DATA SEGMENT ▸
+---+

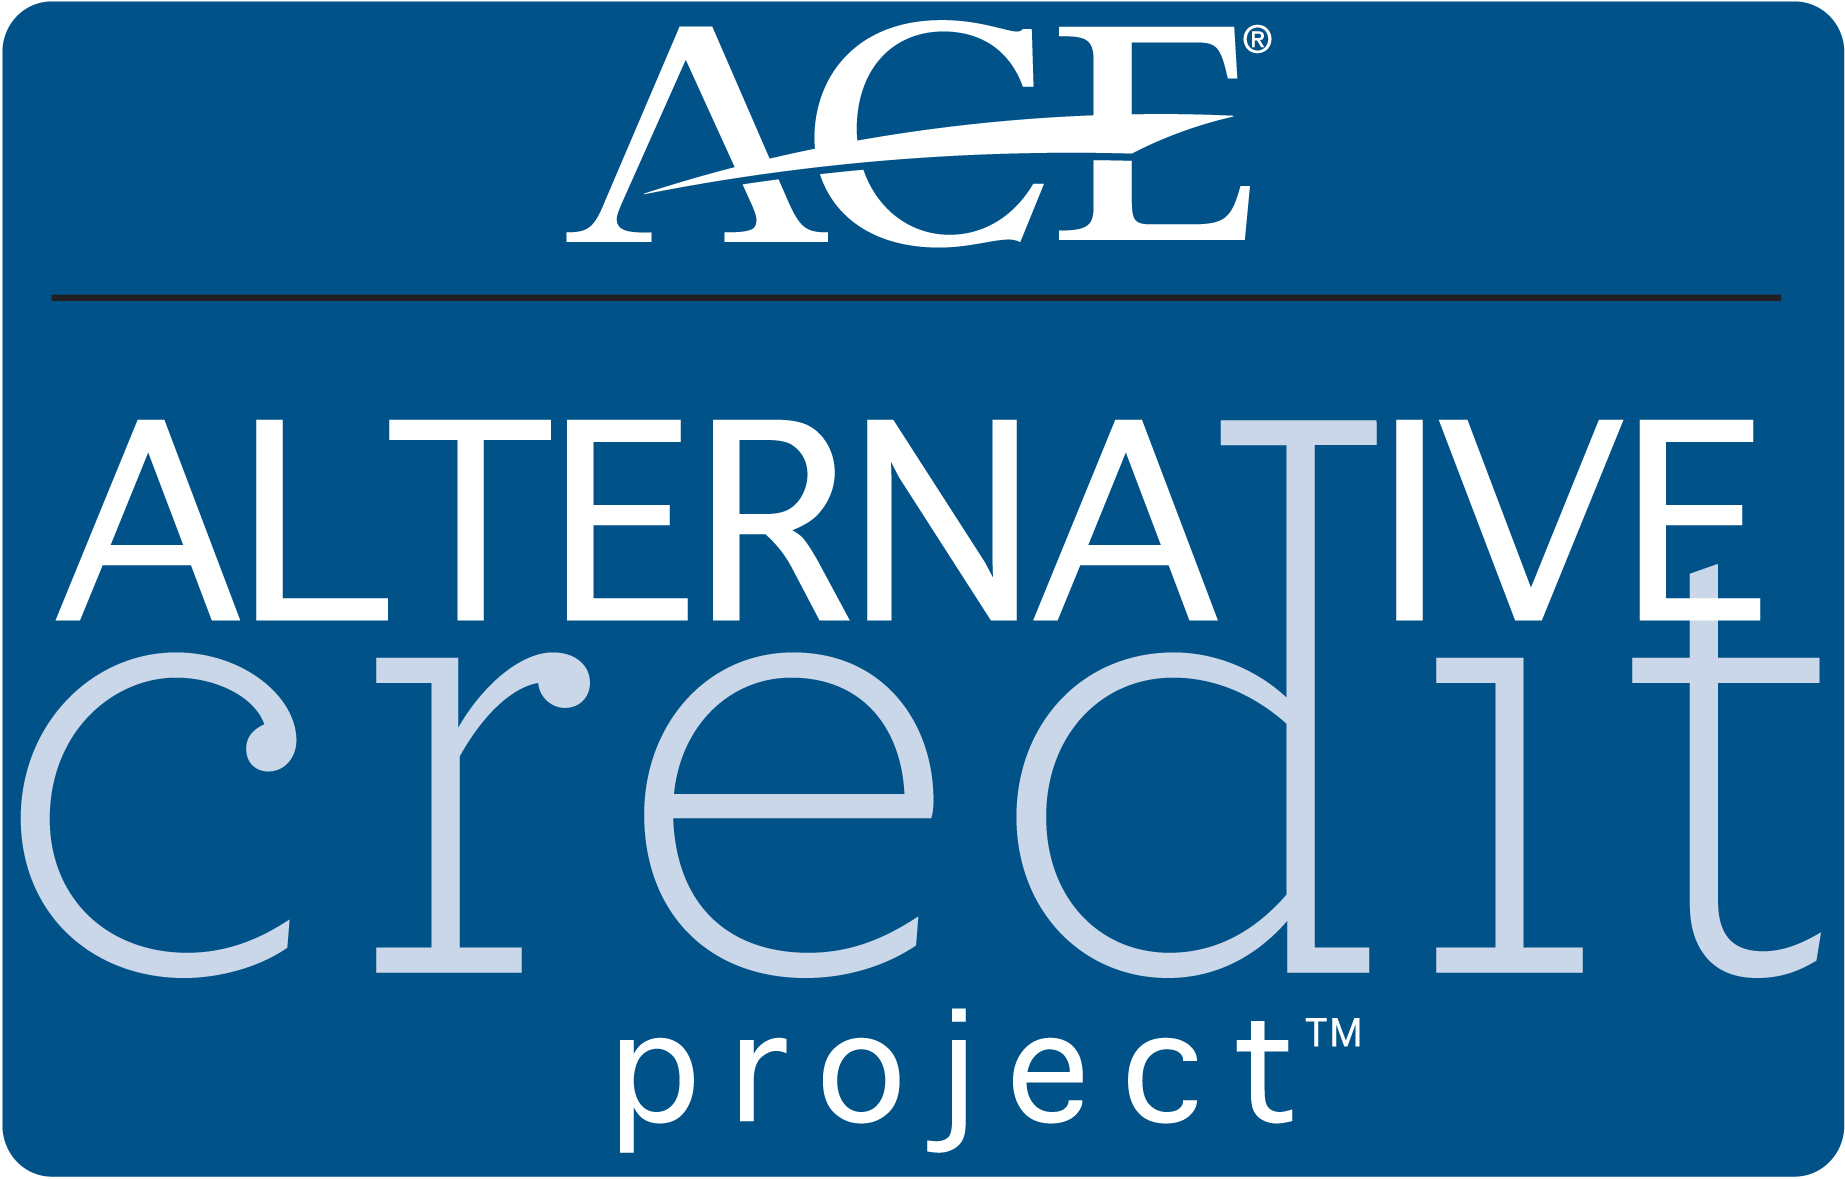 Alternative Credit Project
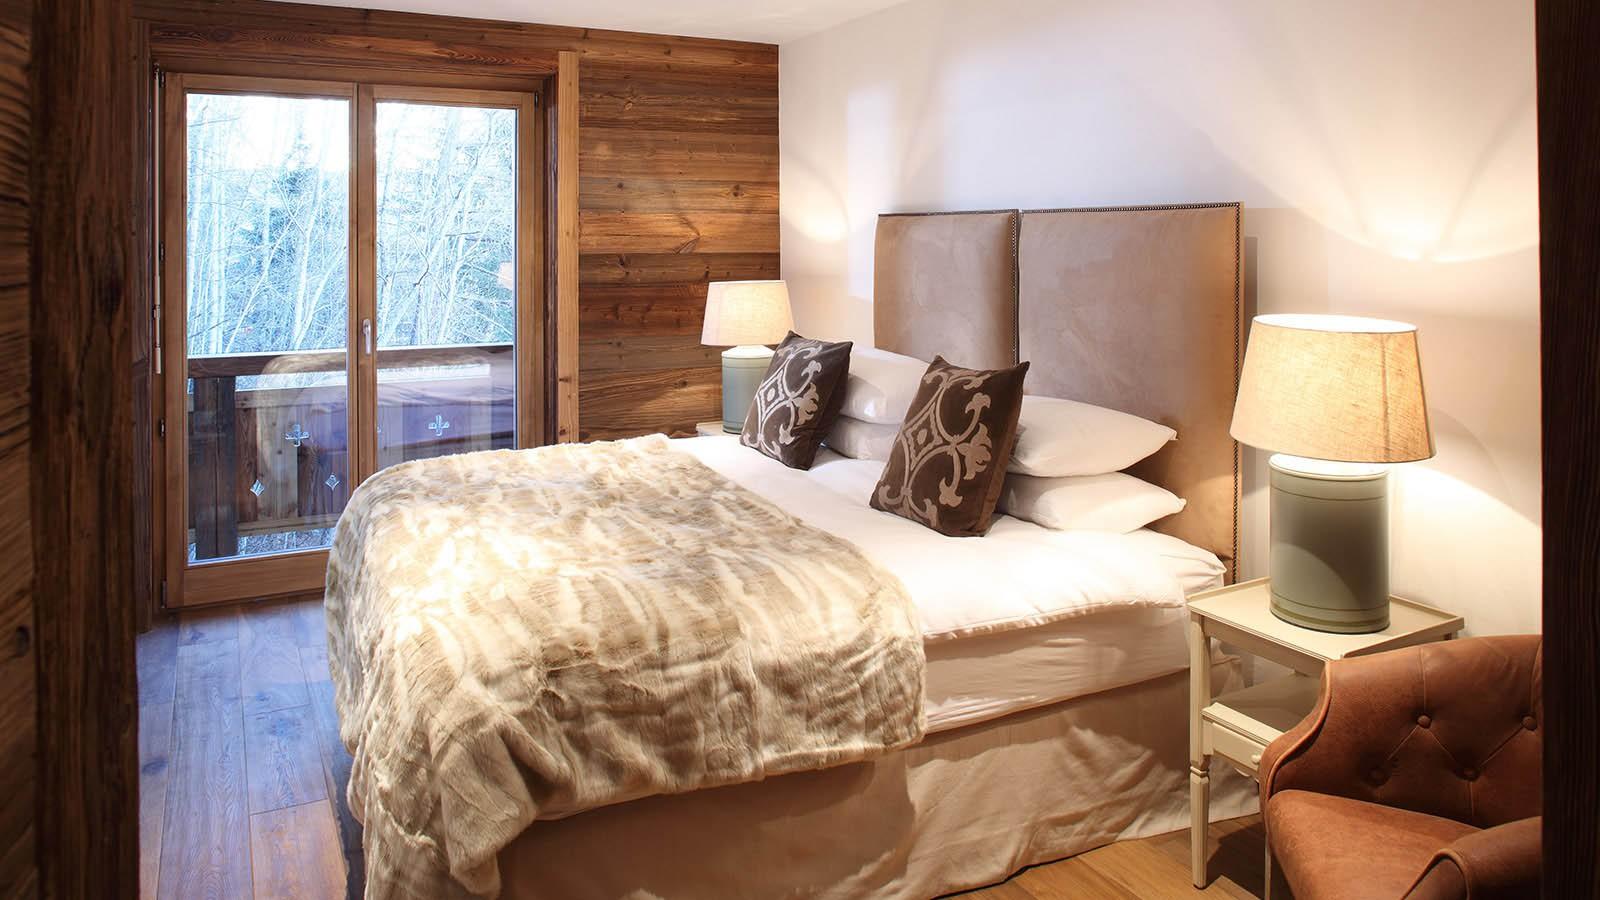 Double room in chalet Rosablanche, Nendaz
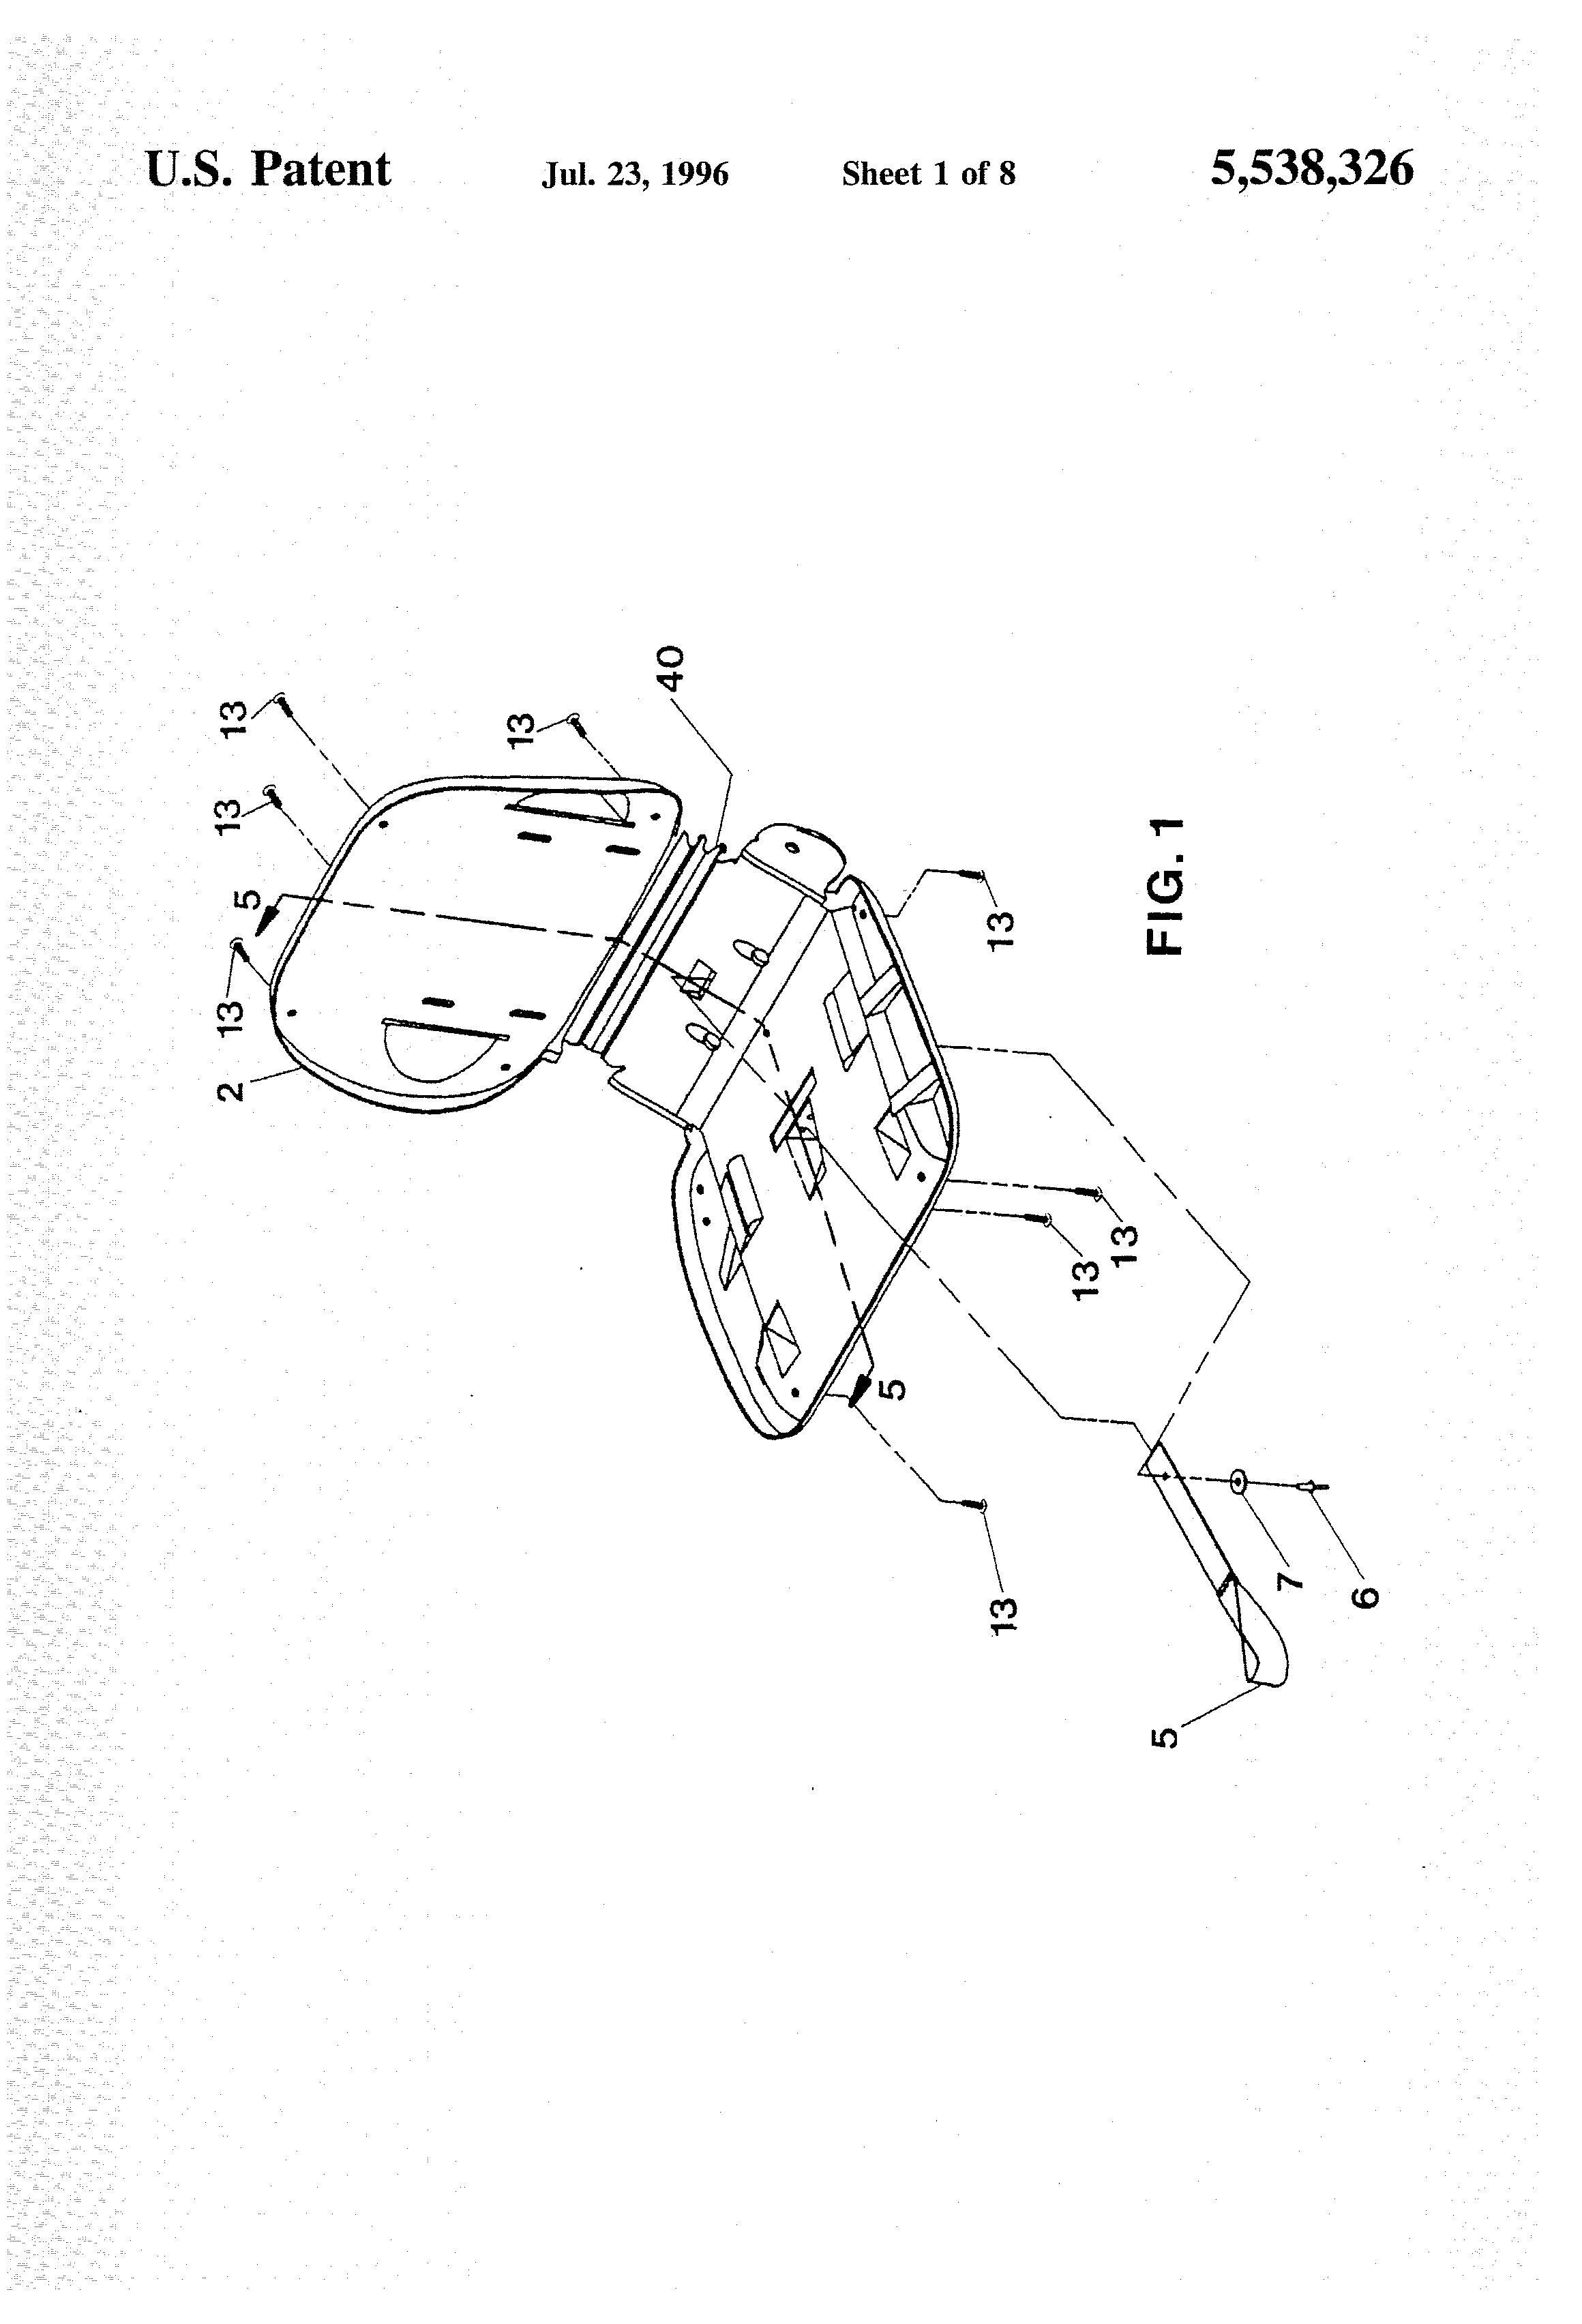 Milsco Seat Hardware : Patent us flexible unitary seat shell google

+---+

REQUIREMENT ▸
The lines to copy run from the one with "Double room in chalet Rosablanche, Nendaz" through the end of the material. Write them out exactly, leaving out the pictures.

SOLUTION FOR THIS PROBLEM ▸
 Double room in chalet Rosablanche, Nendaz
 Milsco Seat Hardware : Patent us flexible unitary seat shell google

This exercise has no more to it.